Os primeiros fóruns reuniam principalmente desenvolvedores de gráficos de jogos e pesquisadores de simulações científicas. O público atual da GTC inclui diretores de tecnologia de grandes corporações, líderes de plataformas em nuvem, pesquisadores de laboratórios de IA líderes e investidores que acompanham atentamente cada palavra de Huang. A razão dessa transformação é clara: GPUs se tornaram a base da infraestrutura moderna de IA, e a Nvidia é o provedor dominante dessa base.

Na GTC 2025, Huang apresentou a arquitetura Blackwell Ultra e sinalizou a transição para a próxima geração — a plataforma Vera Rubin. Na mesma ocasião, foram anunciados o sistema NVLink Fusion e novas soluções para data centers escaláveis. Espera-se que a GTC 2026 seja igualmente intensa: a indústria aguarda detalhes sobre Vera Rubin, incluindo cronogramas de disponibilidade comercial e características de desempenho para tarefas de inferência de grandes modelos de linguagem.

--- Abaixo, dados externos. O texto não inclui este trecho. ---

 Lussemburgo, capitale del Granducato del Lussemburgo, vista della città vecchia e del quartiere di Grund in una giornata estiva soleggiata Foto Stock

O estilo das keynotes de Huang há muito se tornou icônico. Ele não lê slides corporativos — ele conta uma história sobre por que a computação está mudando o mundo e qual é o papel da Nvidia nessa história. Foi na GTC que a empresa apresentou H100, Grace Hopper Superchip e expandiu a plataforma CUDA além do segmento de jogos.

Cada apresentação contém várias surpresas — anúncios que não estavam nos vazamentos preliminares. Analistas apontam para vários temas-chave que provavelmente ocuparão o centro do palco em 2026. Primeiro é o roadmap de arquitetura: após Vera Rubin, o mercado quer entender o que vem a seguir.

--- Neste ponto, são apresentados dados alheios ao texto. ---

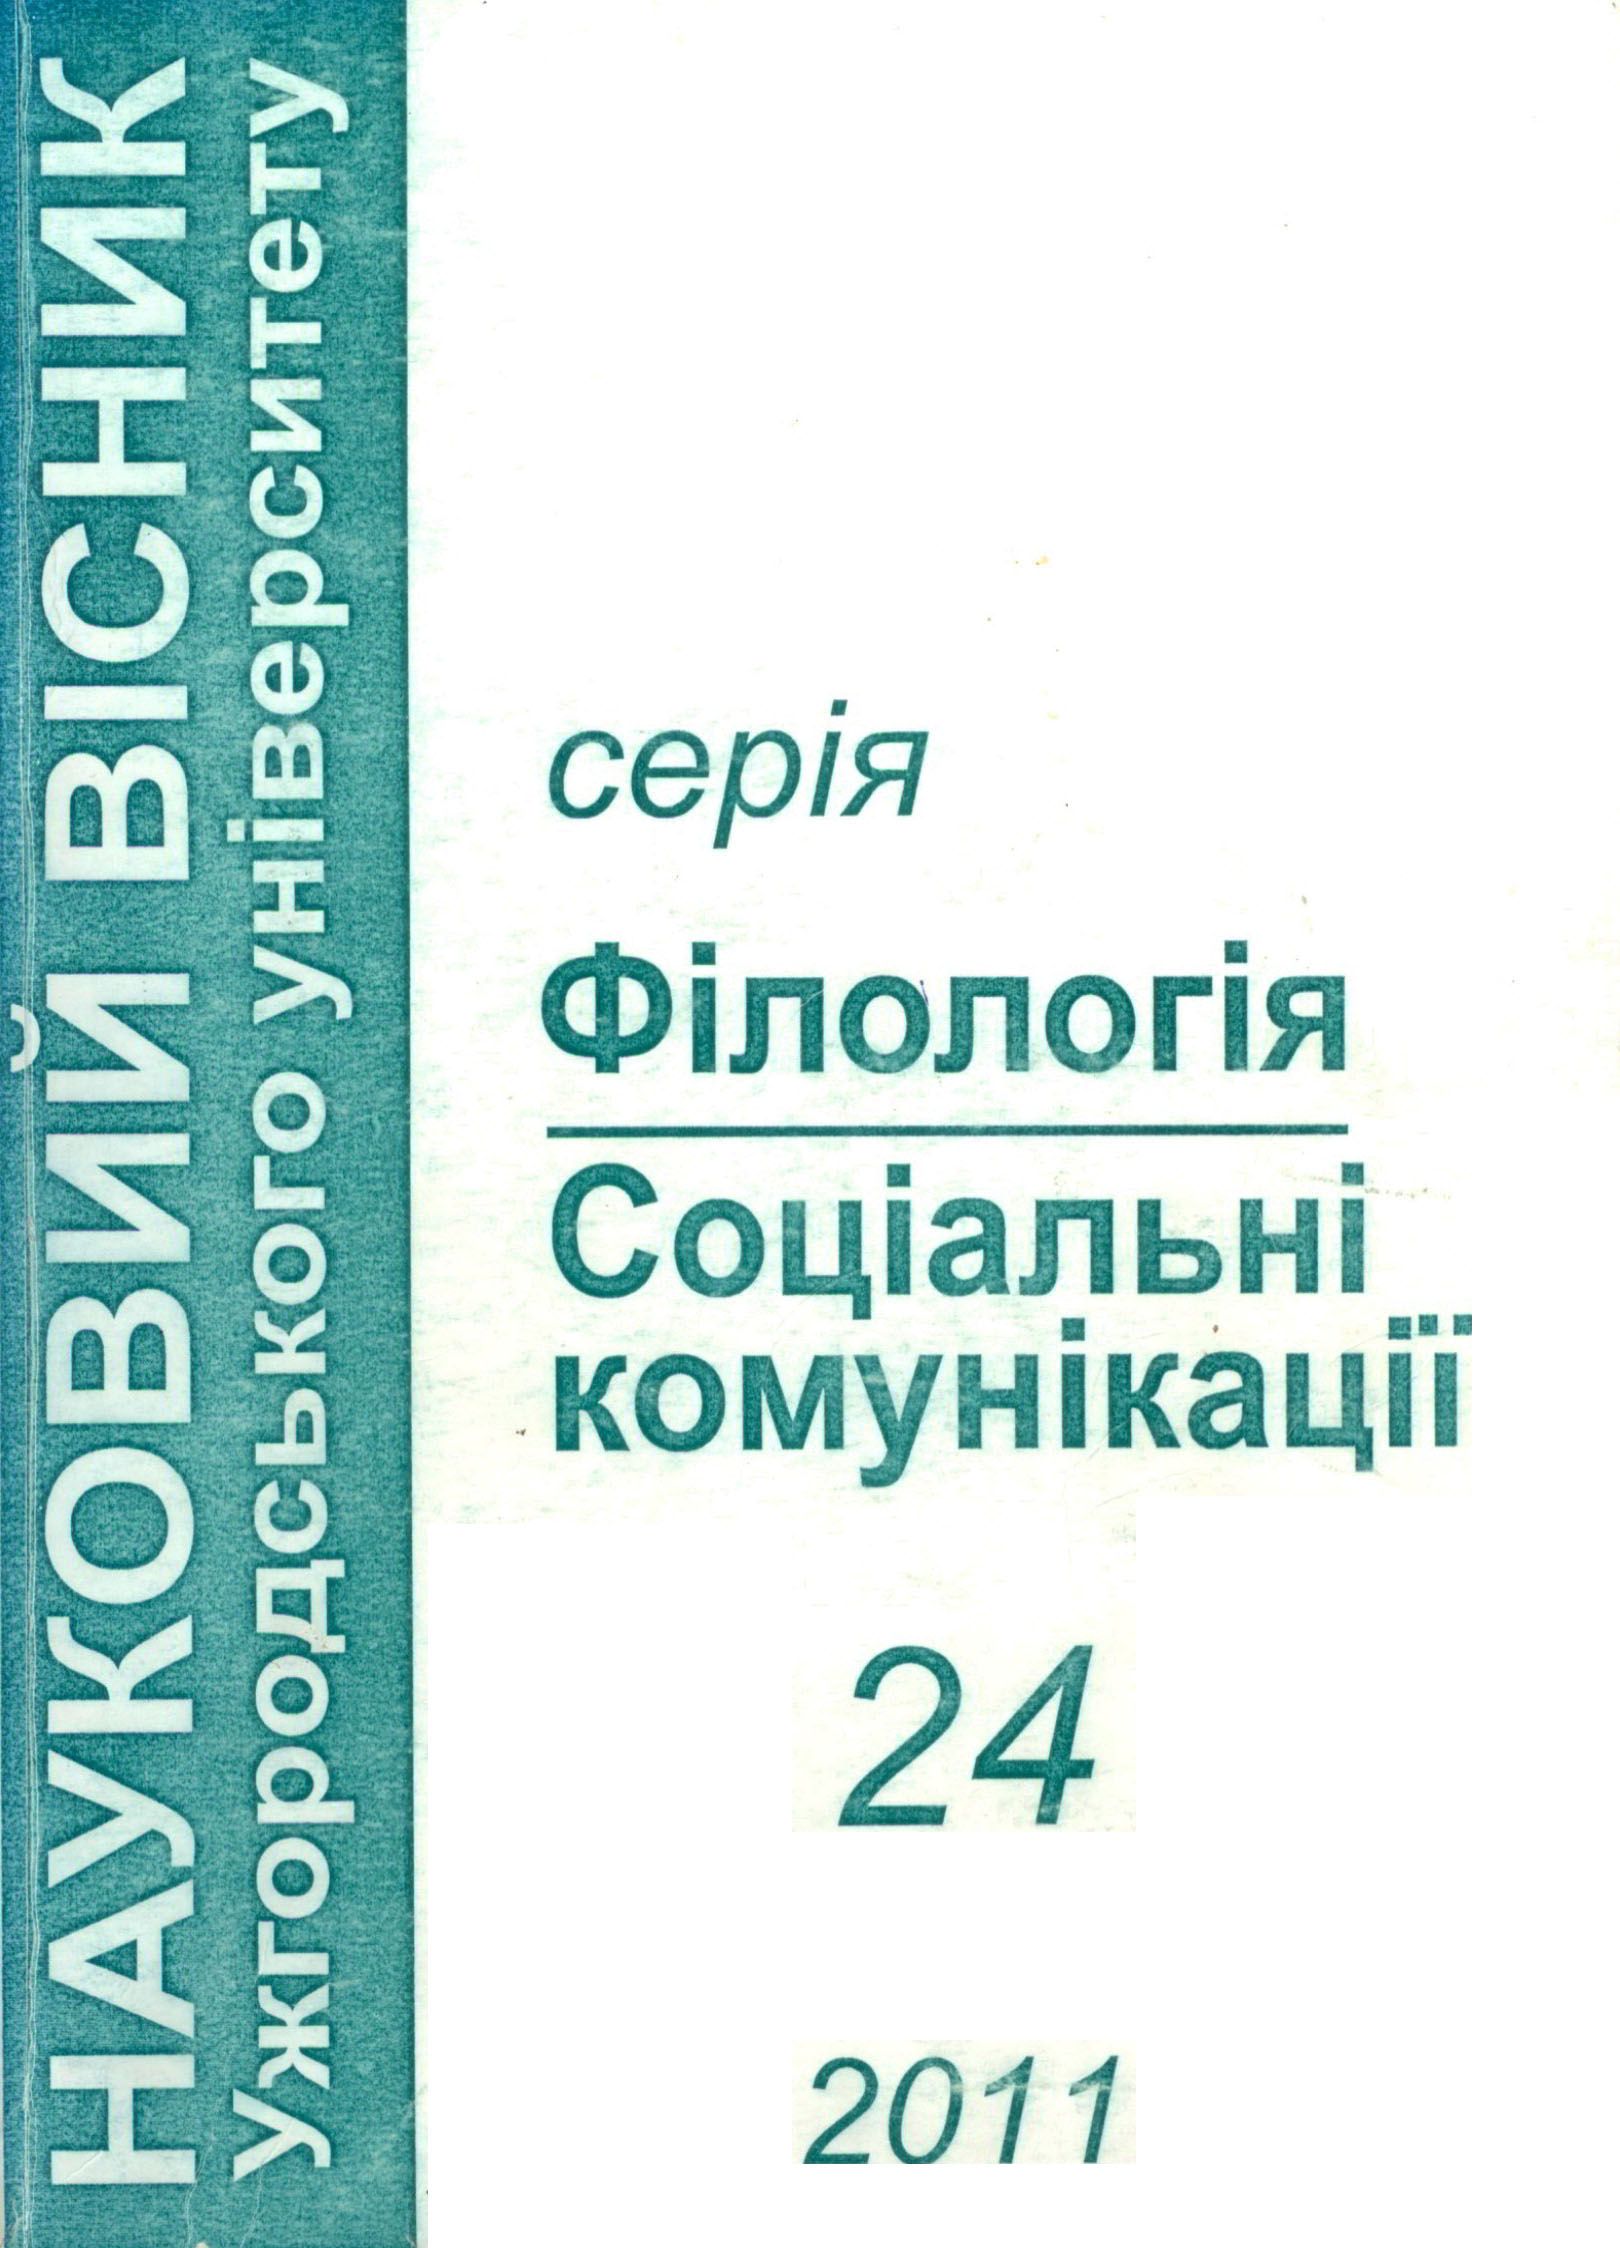 collection logo

Segundo é o desenvolvimento de NIM (Nvidia Inference Microservices), uma plataforma corporativa para implantar modelos de linguagem sem necessidade de expertise profunda em MLOps. Terceiro é IA física: robótica, sistemas autônomos e automação industrial, áreas onde a Nvidia está investindo ativamente através de sua plataforma Isaac. O cenário competitivo em 2026 ficou notavelmente mais complexo.

AMD está promovendo agressivamente sua linha MI e reduzindo o fosso em ecossistemas de software. Hiperscalers — Google, Amazon, Microsoft — estão ampliando a produção de ASIC customizados para cargas de trabalho previsíveis. Restrições regulatórias sobre exportação de chips remodelaram a geografia do mercado.

Huang quase certamente comentará sobre todos esses fatores: a Nvidia precisa demonstrar que sua vantagem é tecnológica, não apenas situacional. GTC 2026 é mais do que uma apresentação de produtos. É o manifesto anual de uma empresa que em cinco anos evoluiu de fabricante de placas de vídeo para jogos para um ator chave de infraestrutura na economia de IA.

O que Jensen Huang disser sobre o futuro da computação em grande medida determinará as prioridades de investimento, estratégias tecnológicas e decisões de parceria das maiores empresas do mundo nos próximos um ou dois anos.